In 1971, Bowman's wife and their two daughters donated the Crook County Bank Building to Crook County for use as a museum. The Crook County Historical Society assumed the responsibility of operating the A. R. Bowman Memorial Museum through a contractual agreement with the county government. Initially, the museum was run by volunteers, with the county paying for utilities. In 1976, 1988 and again in 1998, Crook County voters approved tax levies that helped cover the cost of the museum staff salaries, utilities, insurance, maintenance, and capital investments. This help the museum finance a major building renovation in the 1992. In 2000, the Crook County Historical Society received a grant from Oregon's State Historic Preservation Office to re-roof the old Crook County Bank building.

The bank is an excellent example of Prineville's early 20th century development. Because of its unique architecture and its importance to the history of Prineville, the Crook County Bank Building was listed on the National Register of Historic Places on 19 June 1991.

== Structure ==

The Crook County Bank is located on the southeast corner of Third and Main Street in Prineville, Oregon. It is a two-story Romanesque-style building. It was constructed in 1910 using stone blocks from a local quarry located west of the Ochoco Viewpoint. This is the same quarry that provided the stone used to build the Crook County Courthouse in 1909.

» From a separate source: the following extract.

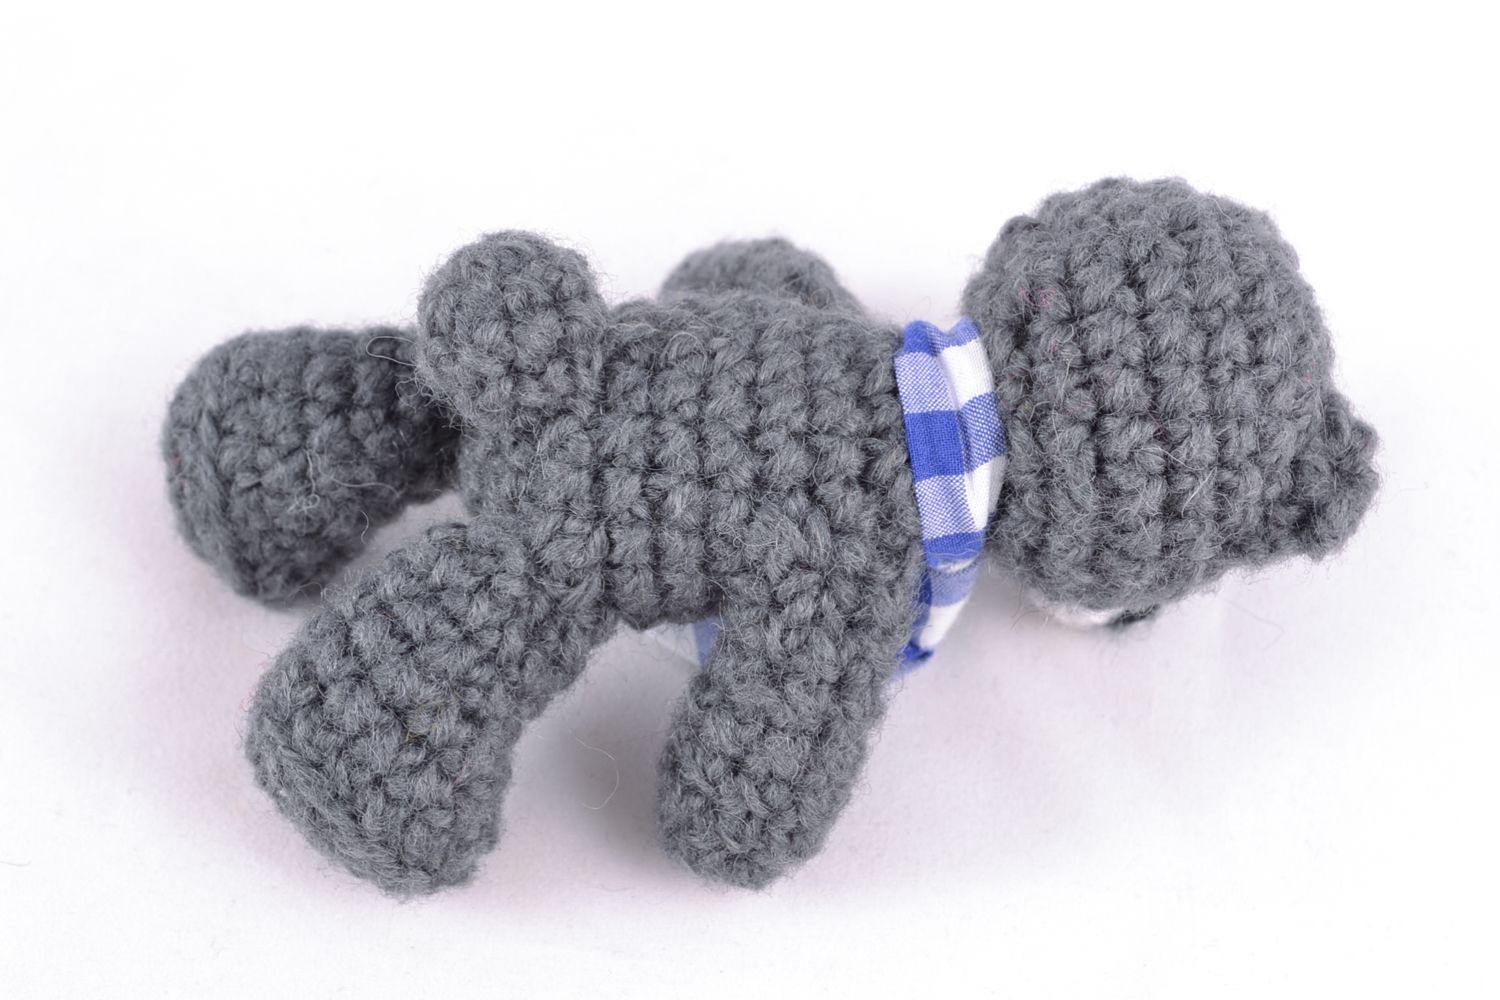 Handmade toy crocheted in the shape of bear photo 3
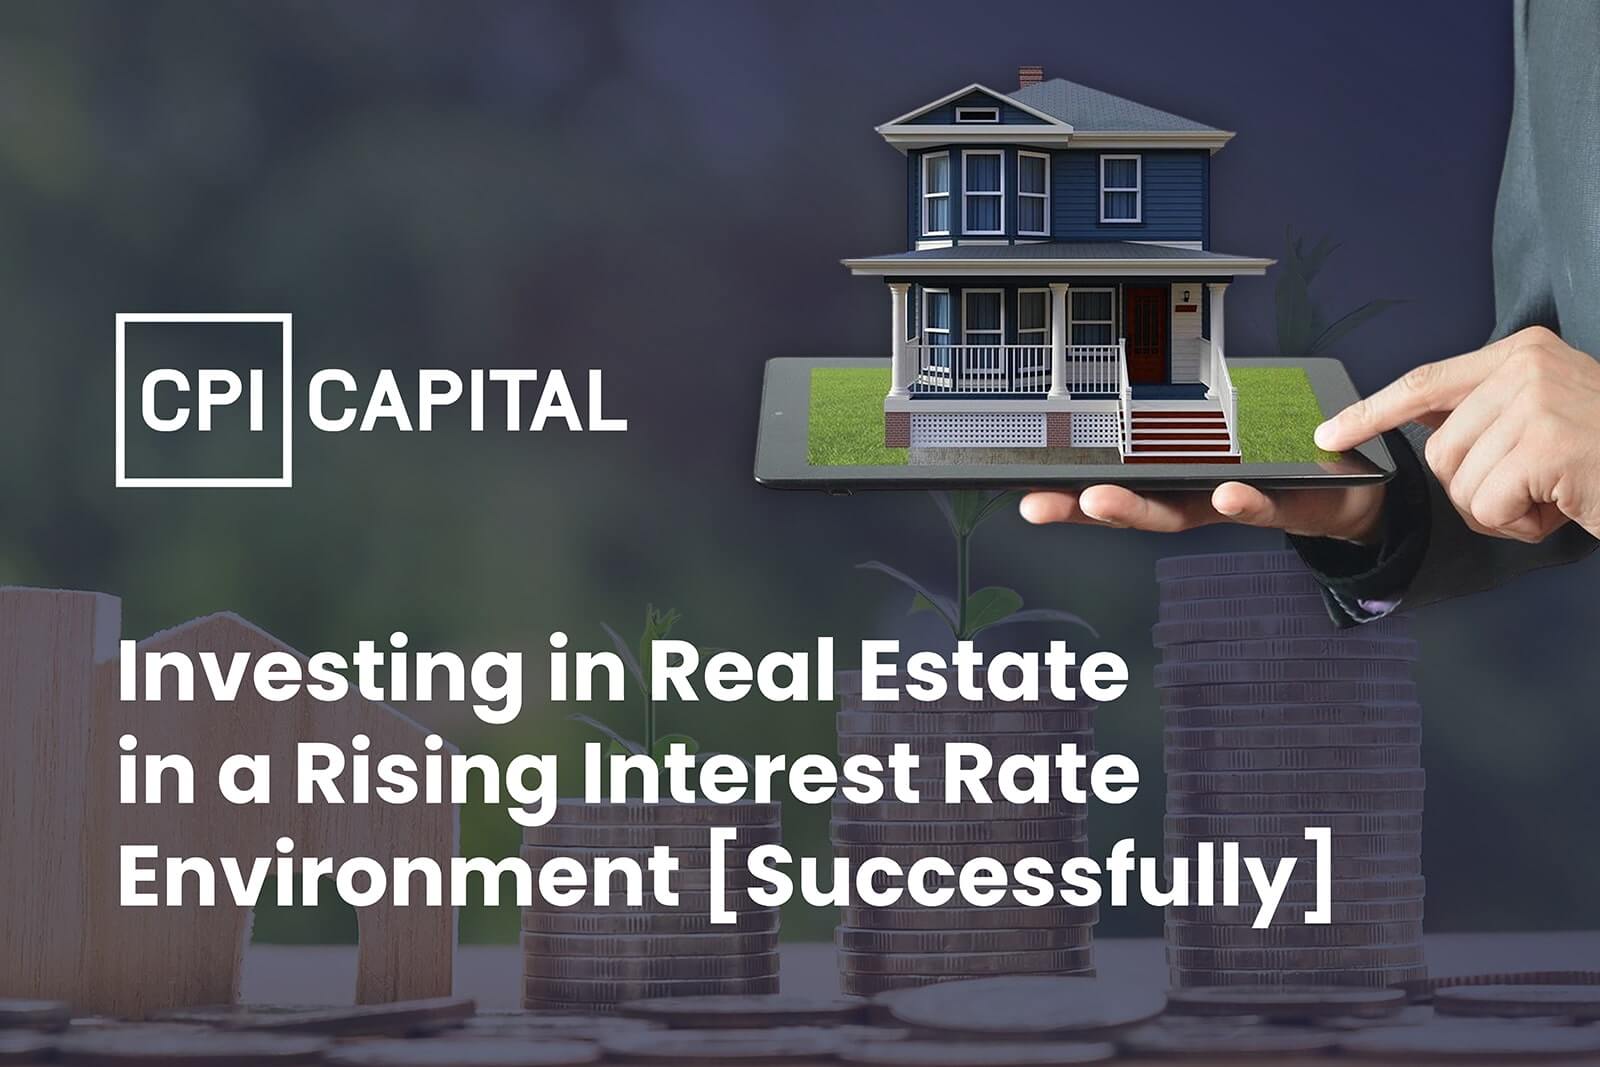 Investing in Real Estate in a Rising Interest Rate Environment Successfully

After acquiring the building, the Crook County Historical Society constructed a new staircase to the second floor, replacing an old wooden stairs on the east end of the building. However, the building's interior has not significantly changed since it was a community bank. The first floor still has the bank's original bronze teller cages, marble counter tops, etched art-glass, gilt and alabaster chandeliers, and the mahogany paneling that were the trappings of a prestigious banking institution in the first half of the twentieth century.

== Bowman Museum ==

Today, the old Crook County Bank building houses the A. R. Bowman Memorial Museum. The museum is run buy the Crook County Historical Society and highlights the history of Crook County and central Oregon. The building's original interior has been maintained and is utilized in the museum's floor plan. There are major sections on the City of Prineville Railroad, the local timber industry, and military history. Other exhibits include furniture, garments, photographs, and pioneer artifacts. The museum's research room contains approximately 700 reference books on Oregon history. Researchers can investigate pioneer history, the growth of local industries, and many other subjects. The museum's gift shop has books on local history as well as souvenirs.